» **WHAT IS EXPECTED**: Exactly as written, return every line of the data below apart from the pictures.

» **MATERIAL PROVIDED**:
────────────────────

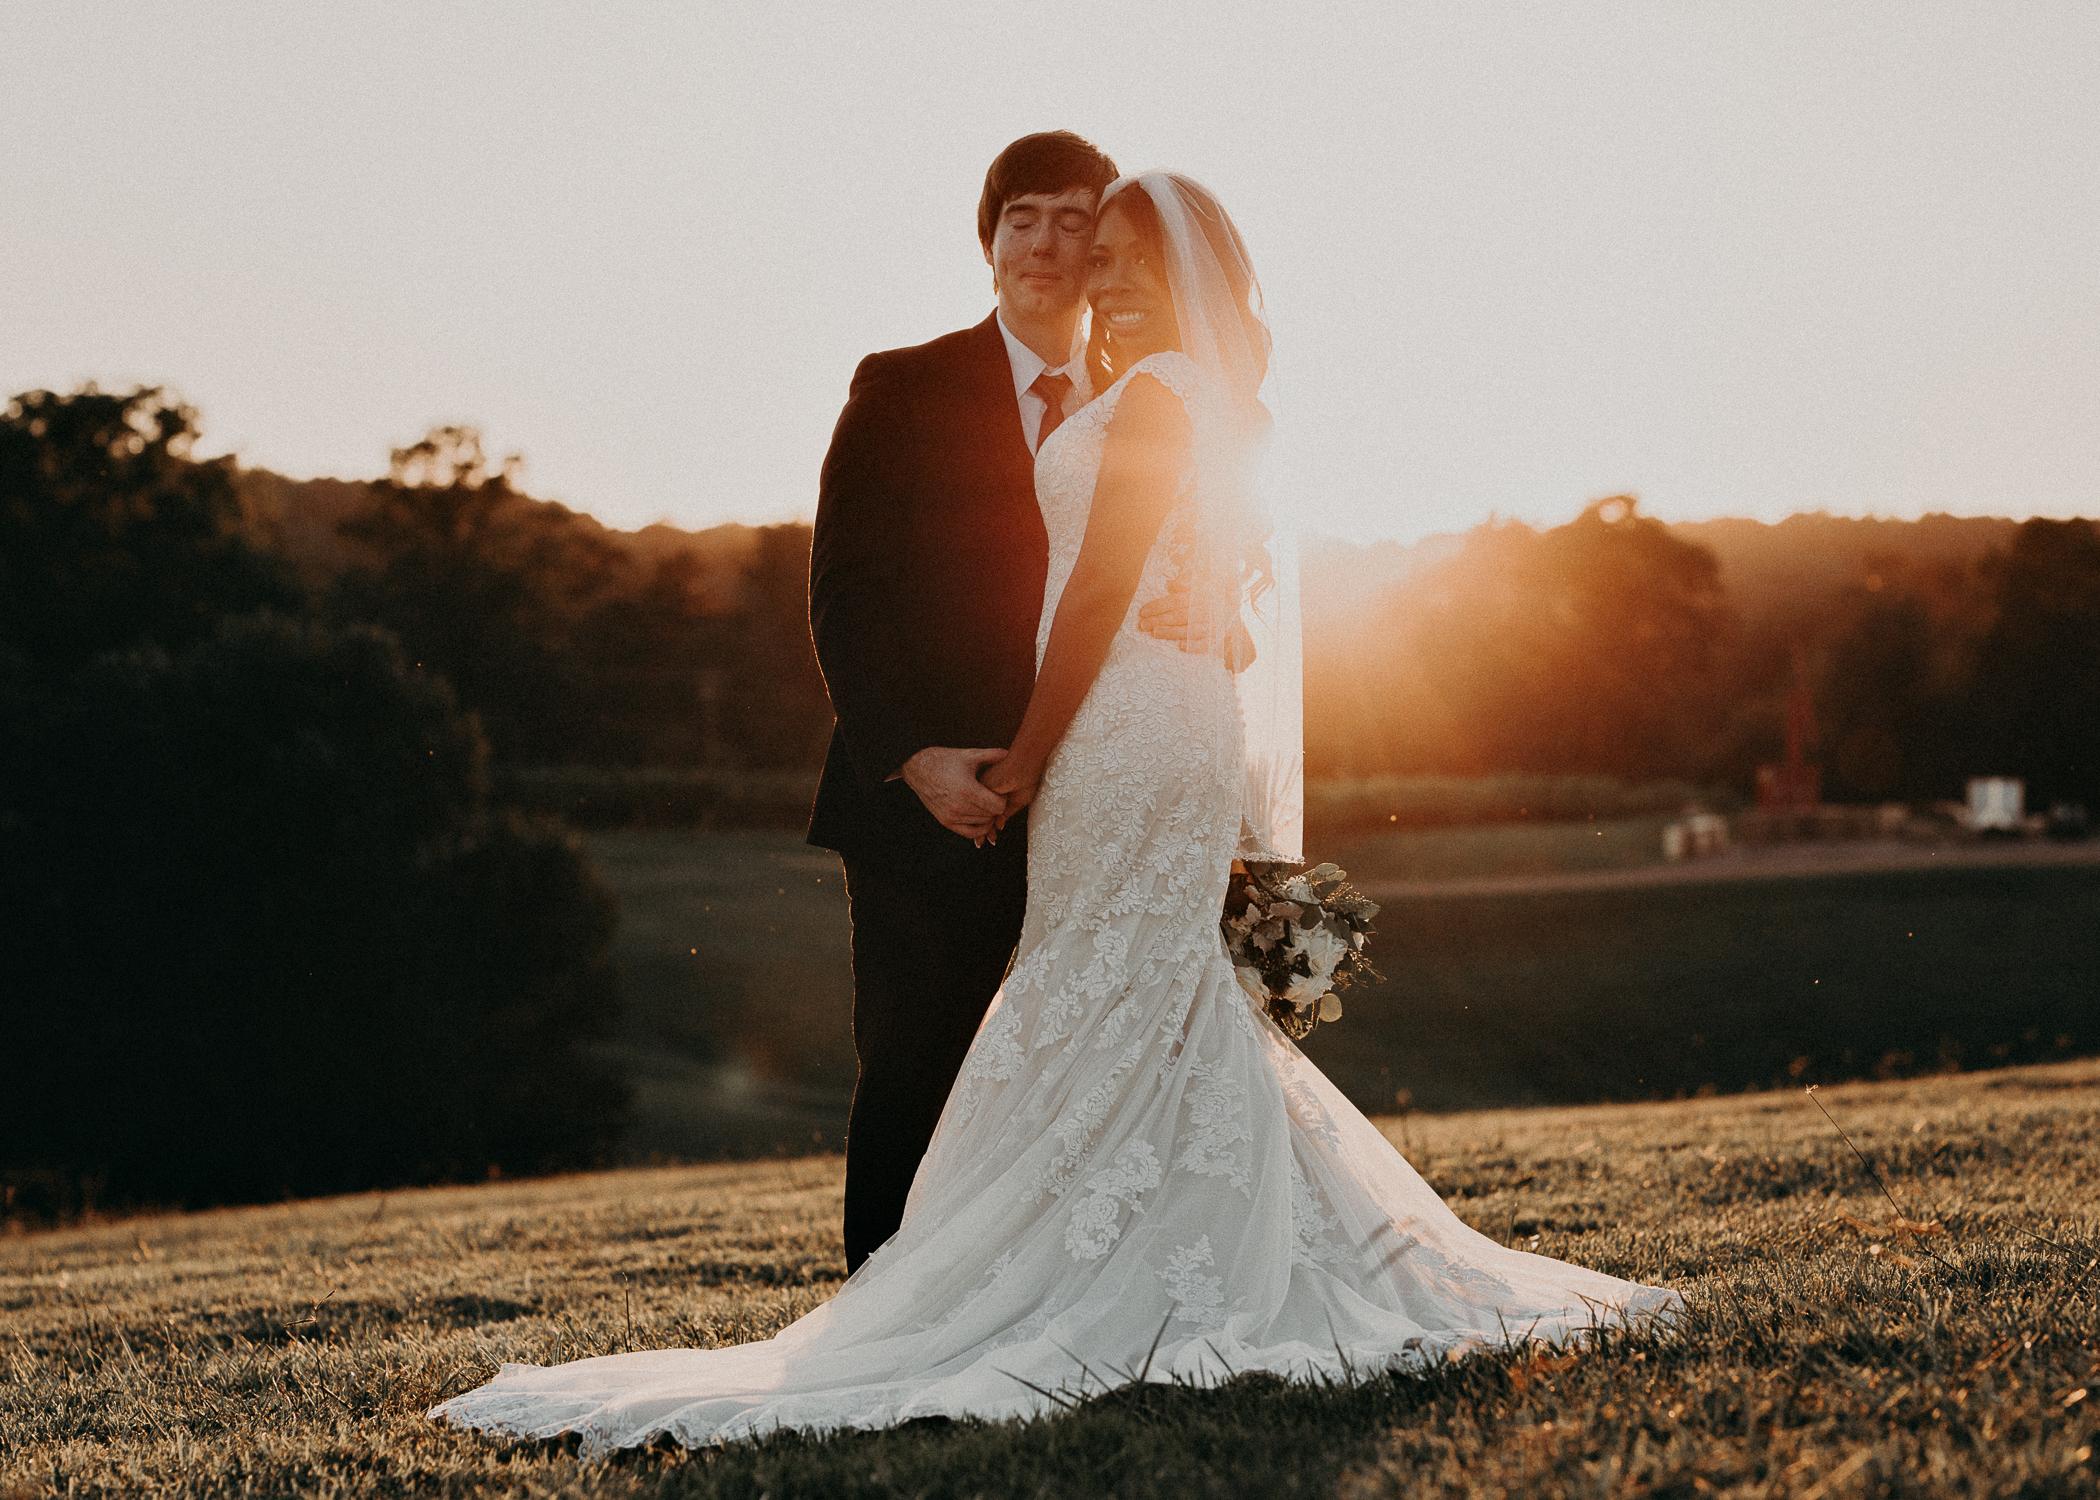 78- Kaya_vineyard_dahlonega_wedding_venue_bride_and_groom_sunset_pictures_aline_marin_photography.jpg
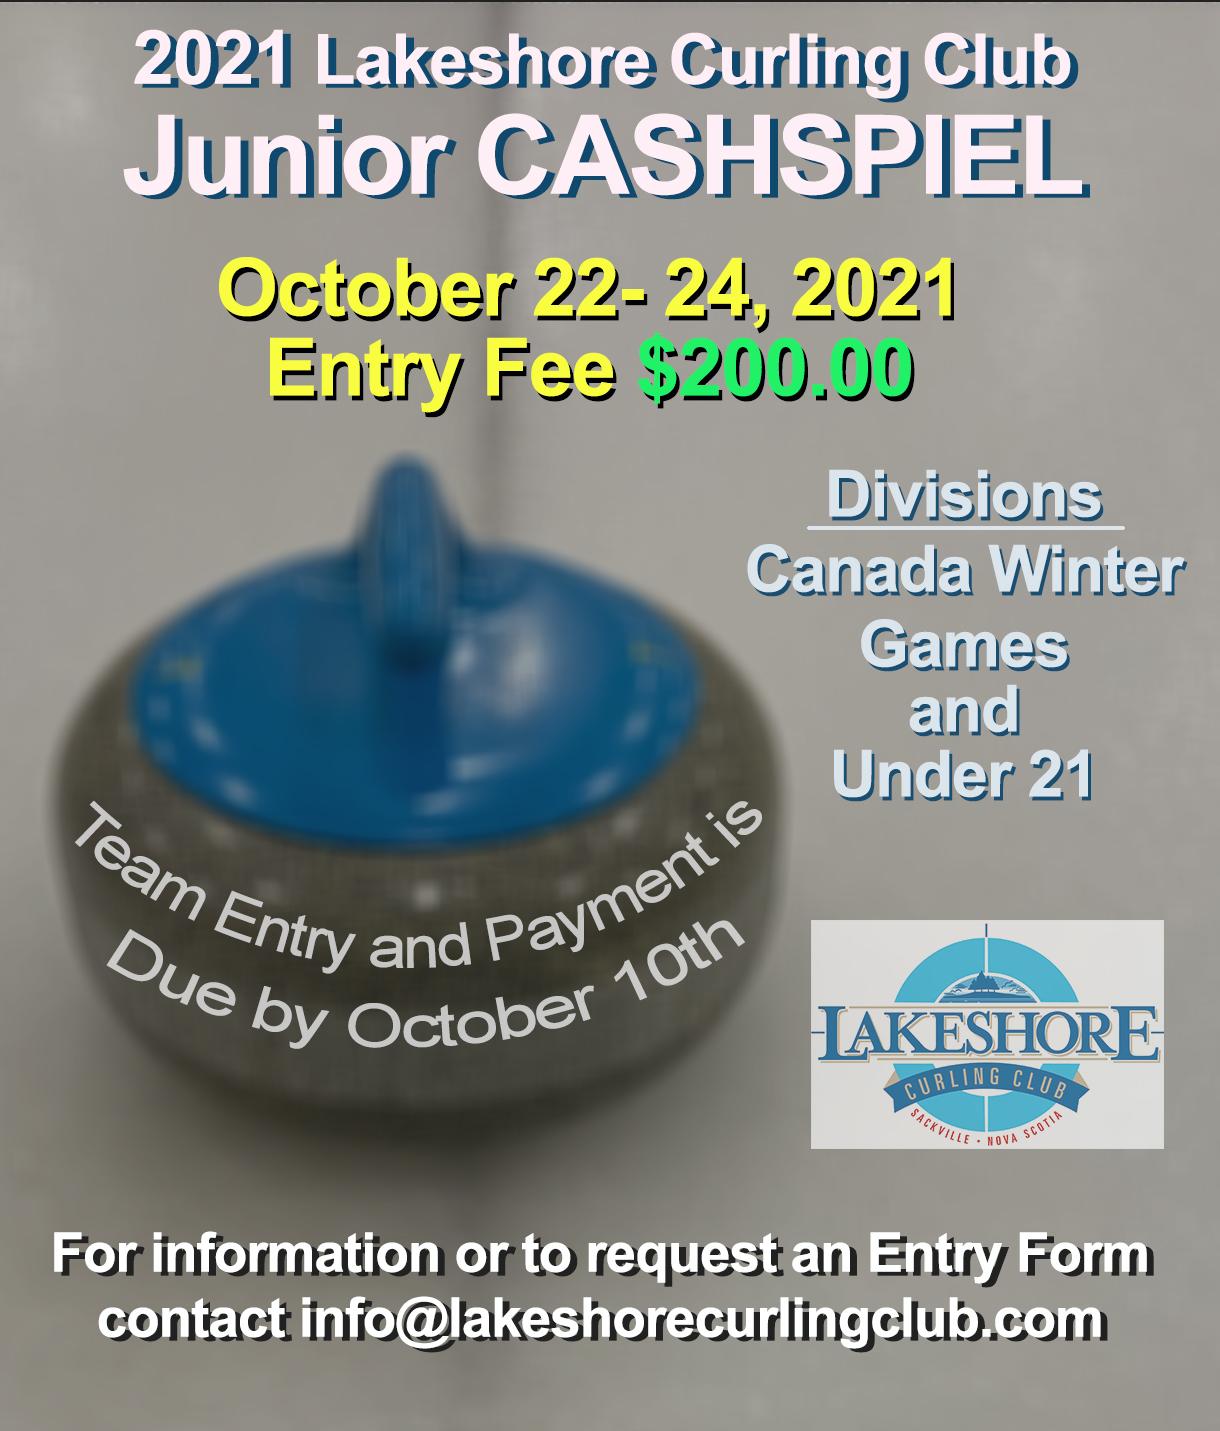 Lakeshore NS Junior Cashspiel @ Lakeshore Curling Club
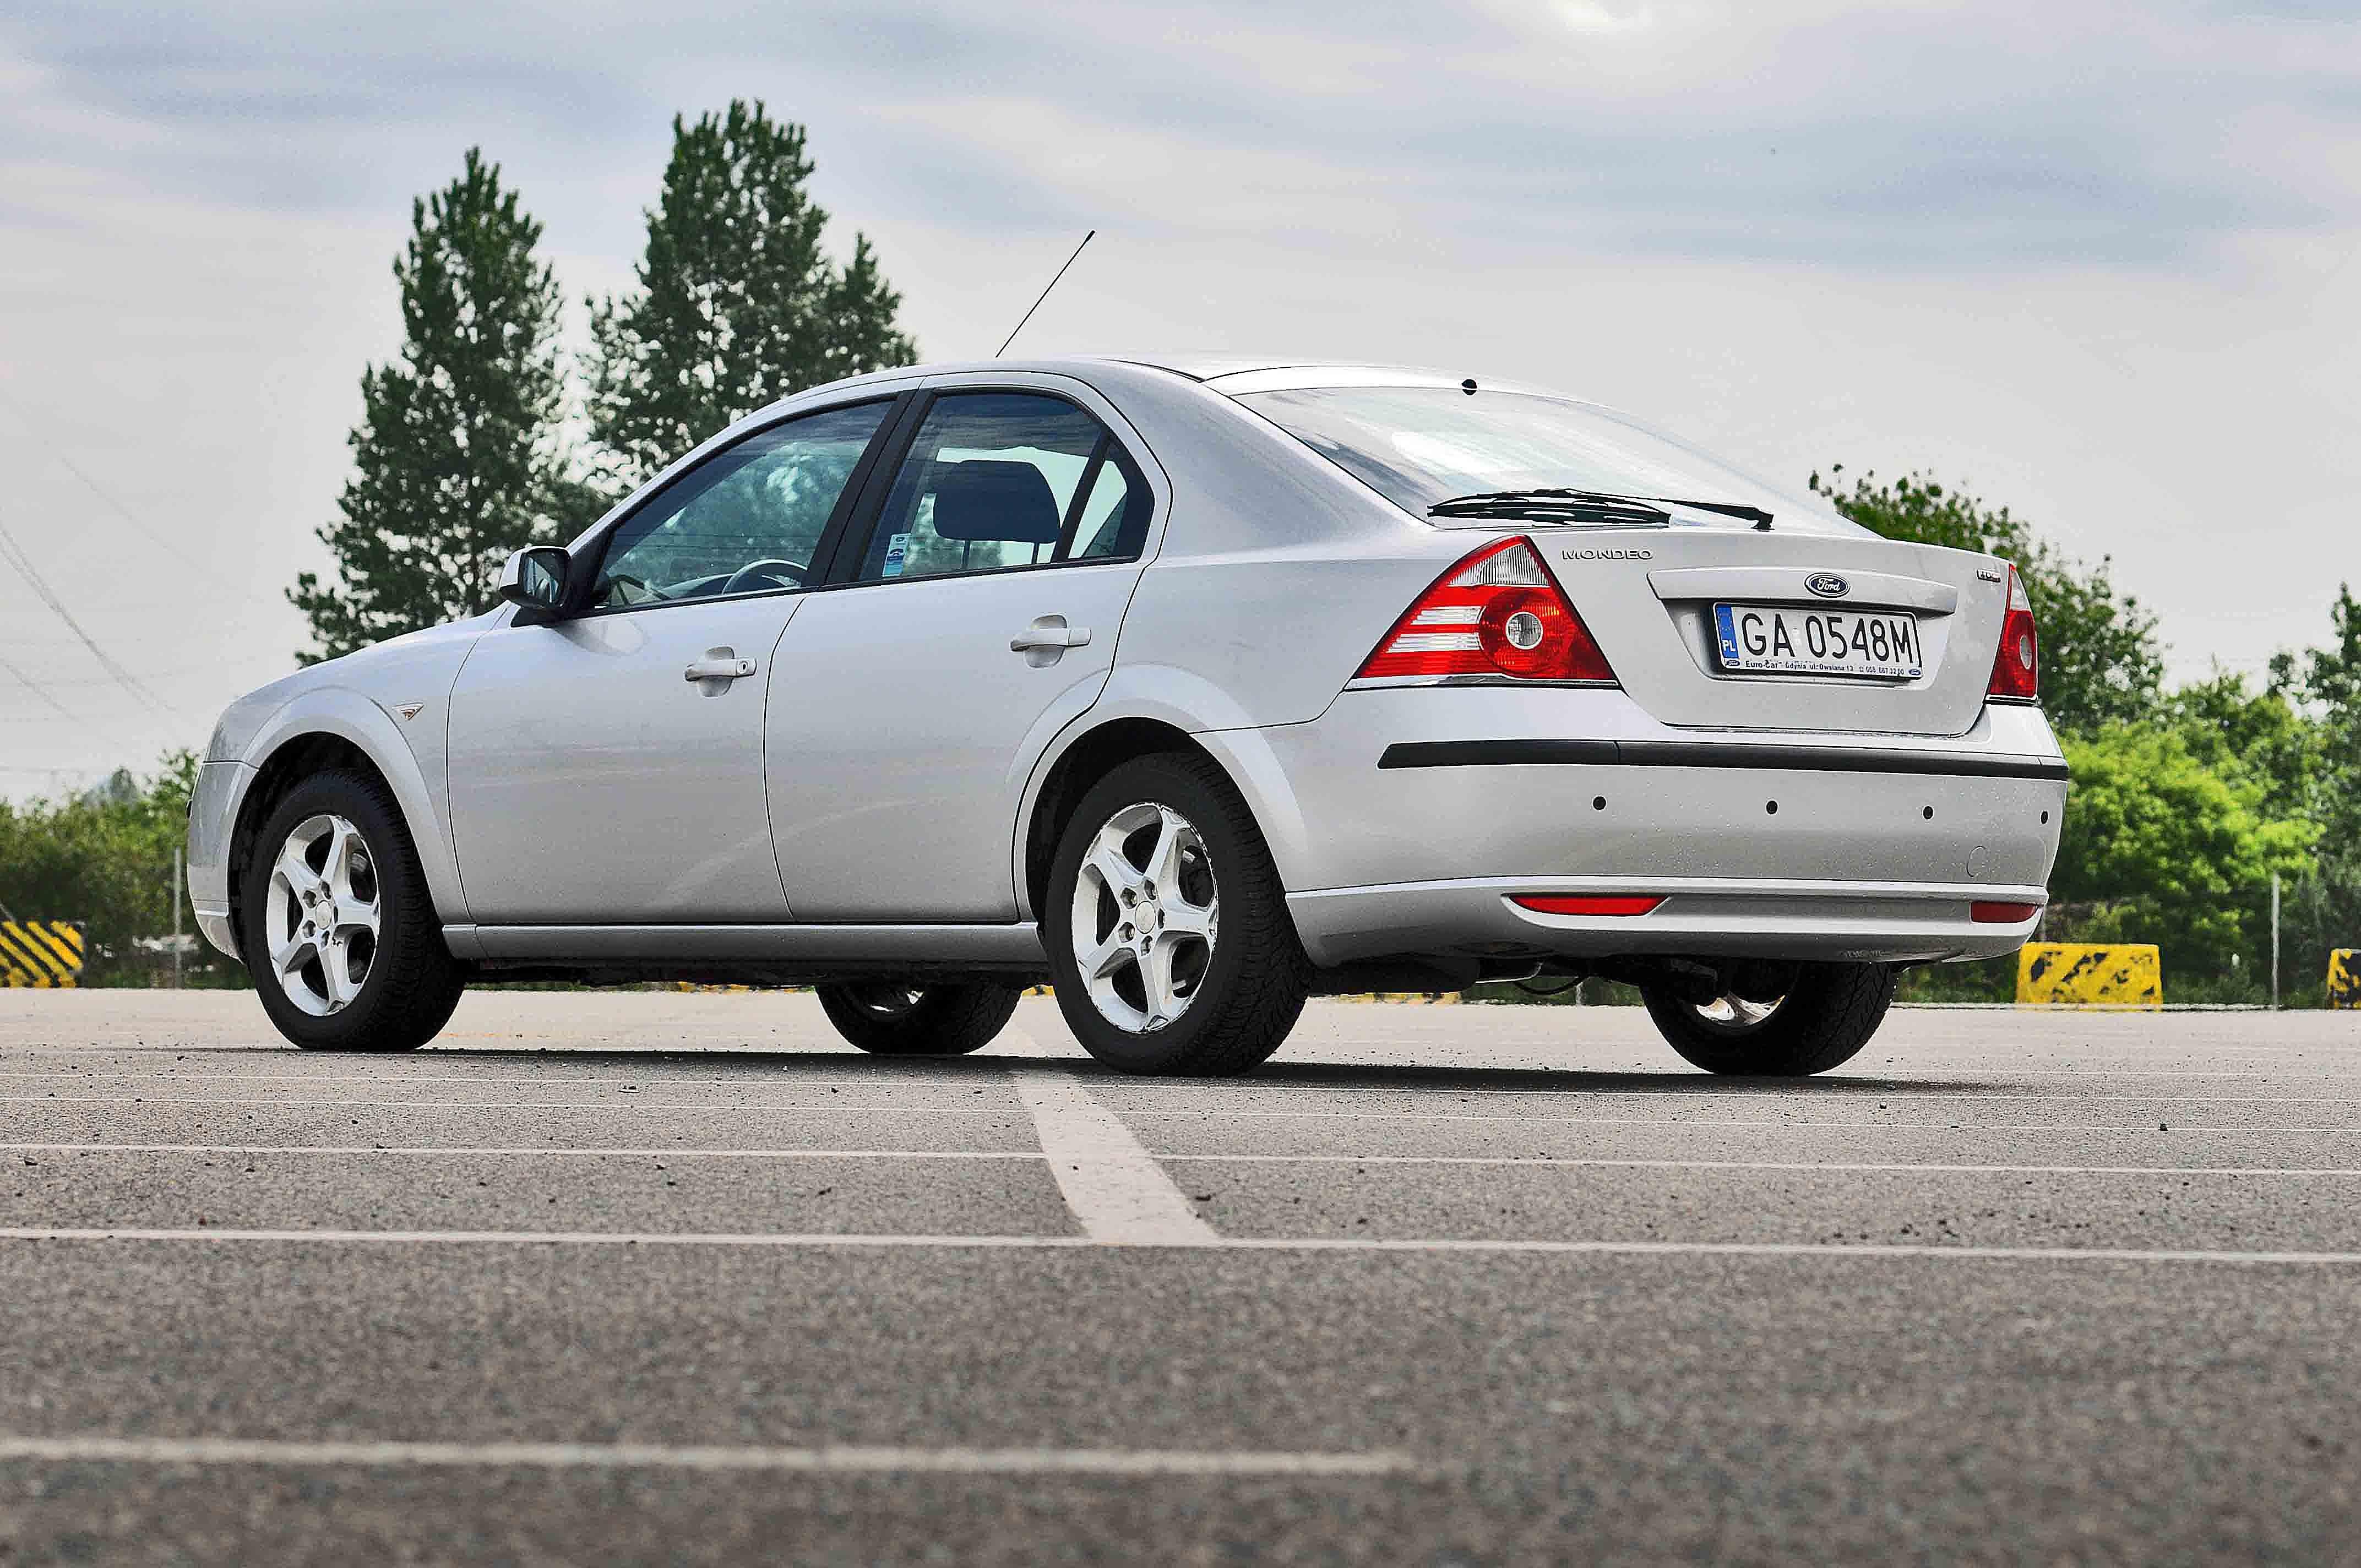 Free Images : light, wheel, parking, asphalt, square, auto, moto, silver, bed, wheels, sedan, diesel, mondeo, used, reflector, offer, alu, the vehicle, ...

────────────────────

» **TASK SOLUTION**:
 78- Kaya_vineyard_dahlonega_wedding_venue_bride_and_groom_sunset_pictures_aline_marin_photography.jpg
 Lakeshore NS Junior Cashspiel @ Lakeshore Curling Club
 Free Images : light, wheel, parking, asphalt, square, auto, moto, silver, bed, wheels, sedan, diesel, mondeo, used, reflector, offer, alu, the vehicle, ...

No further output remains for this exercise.